“Sheldon, if you were a robot, and I knew and you didn’t, would you want me to tell you?” – Howard Wolowitz.
As you’d see from many of the other blog posts, I spend more time than I should thinking about home automation. I put a new smart lock in recently, and as often is the case, the product comes with an app for the phone which communicates with a cloud service. Just as often, that cloud service has API that are not documented, nor encouraged to be used by components other than the provided app. It’s such a shame given the work they put into creating the API, that they don’t welcome the automation community in interacting with those API.
The API in question, would randomly respond to a request with PNG data for a CAPTCHA request which would then be displayed in the app. That isn’t fantastic when you’re trying to call the API from an automation component. So this post is about the code I use to process the CAPTCHA image, determine the letters, and then send the response back to the API. There’s a range of machine learning based cloud services that provide image letter extraction, including IBM’s Watson Visual Recognition and Microsoft’s Computer Vision. The code example below uses Microsoft’s Computer Vision service hosted in Azure.

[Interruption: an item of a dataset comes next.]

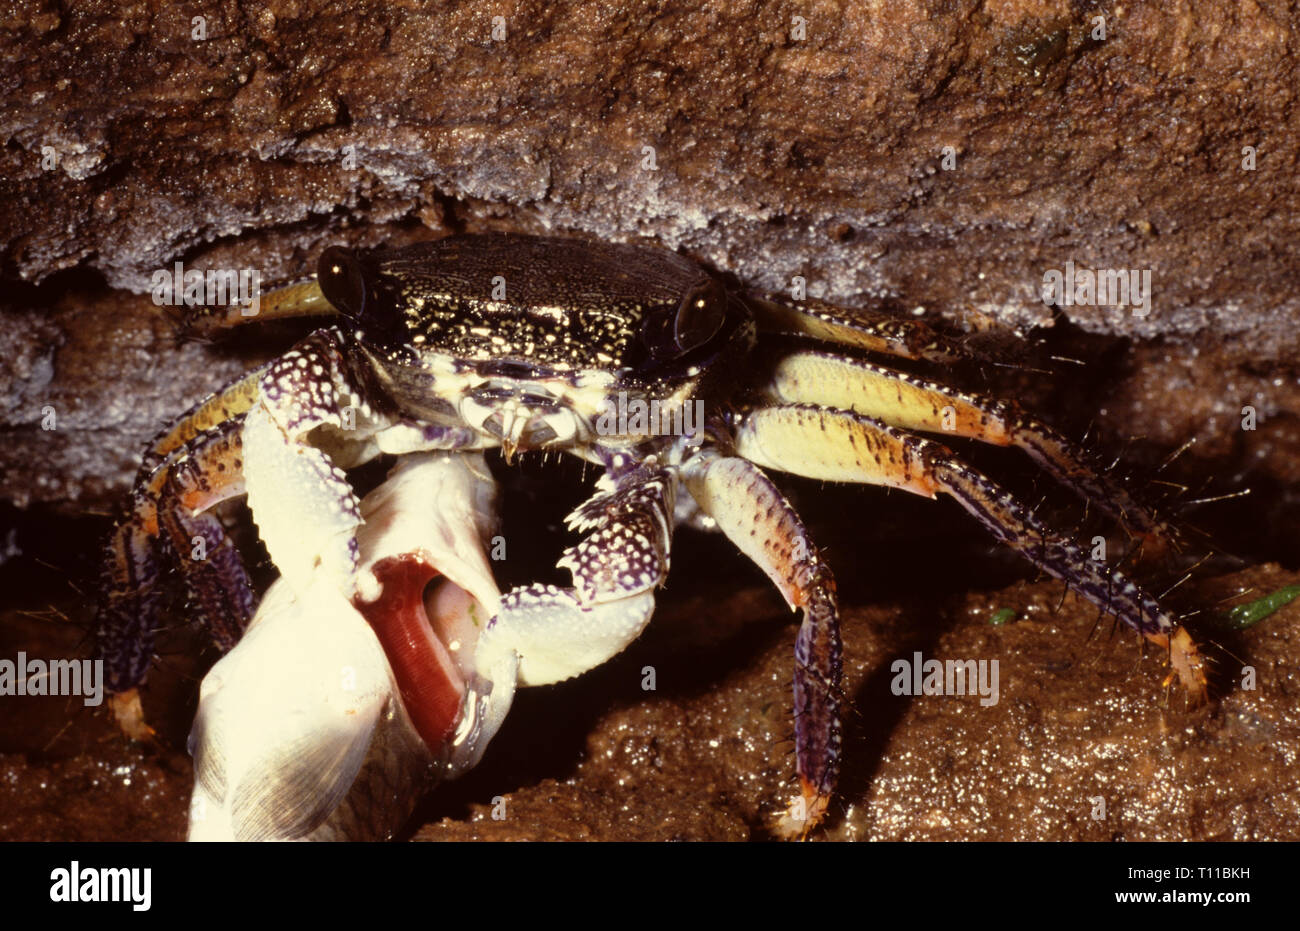 Mangrove crab (Goniopsis pelii) feeding a fish Stock Photo

I’ve removed the detail from the error handling, and cancellation tokens for brevity. The code below uses the Microsoft Computer Vision and SkiaSharp packages. I needed SkiaSharp for resizing the image (sometimes the captcha image is below the minimum size for the Azure service). The code from memory is fairly similar to one of Microsoft’s examples. Basically you resize the image, call the API and then wait for the result. The API is designed to extract multiple lines of text from an image, where as we only need the first line here. Sometimes the API will detect a space between the letters, which I’ve stripped out with the Replace method.
private static ComputerVisionClient _visionClient;
public static void Initialise(string strVisionKey, string strVisionEndpoint)
{
_visionClient = new ComputerVisionClient(
new ApiKeyServiceClientCredentials(strVisionKey)) { Endpoint = strVisionEndpoint };
}
public static async Task<string> ProcessCaptcha(byte[] btCaptcha)
{
MemoryStream streamSource = null, streamDestination = null;
SKBitmap sourceBitmap, scaledBitmap;
SKImage scaledImage;
ReadInStreamHeaders headers;
ReadOperationResult results;
IList<ReadResult> textUrlFileResults;
int iHeight, iWidth, iNumberOfCharsInOperationId = 36;
string strOperationLocation, strOperationId, strCaptcha = "";
// Resize the image to a minimum 50x50
try
{
streamSource = new MemoryStream(btCaptcha);
sourceBitmap = SKBitmap.Decode(streamSource);
iHeight = Math.Max(50, sourceBitmap.Height);
iWidth = Math.Max(50, sourceBitmap.Width);
scaledBitmap = sourceBitmap.Resize(
new SKImageInfo(iWidth, iHeight), SKFilterQuality.High);
scaledImage = SKImage.FromBitmap(scaledBitmap);
streamDestination = new MemoryStream(
scaledImage.Encode().ToArray());
}
catch (Exception eException)
{
goto Cleanup;
}
// Call Vision API
try
{
headers = await _visionClient.ReadInStreamAsync(
streamDestination, "en");
strOperationLocation = headers.OperationLocation;
strOperationId =
strOperationLocation.Substring(strOperationLocation.Length
- iNumberOfCharsInOperationId);
do
{
results = await _visionClient.GetReadResultAsync(
Guid.Parse(strOperationId));
}
while ((results.Status == OperationStatusCodes.Running ||
results.Status == OperationStatusCodes.NotStarted));
textUrlFileResults = results.AnalyzeResult.ReadResults;
foreach (ReadResult page in textUrlFileResults)
{
foreach (Line line in page.Lines)
{
strCaptcha = line.Text.Trim().Replace(" ", "");
goto Cleanup;
}
}
}
catch (Exception eException)
{
goto Cleanup;
}
Cleanup:
streamSource?.Dispose();
streamDestination?.Dispose();
return strCaptcha;
}
The whole code segment is called upon receiving a CAPTCHA request. I let it try twice (one attempt per image for two images), and then it it were unsuccessful, it would route the image for manual assessment (at which point you need a way of providing that input back to the API). I’ve not had that situation occur yet however.
~ Mike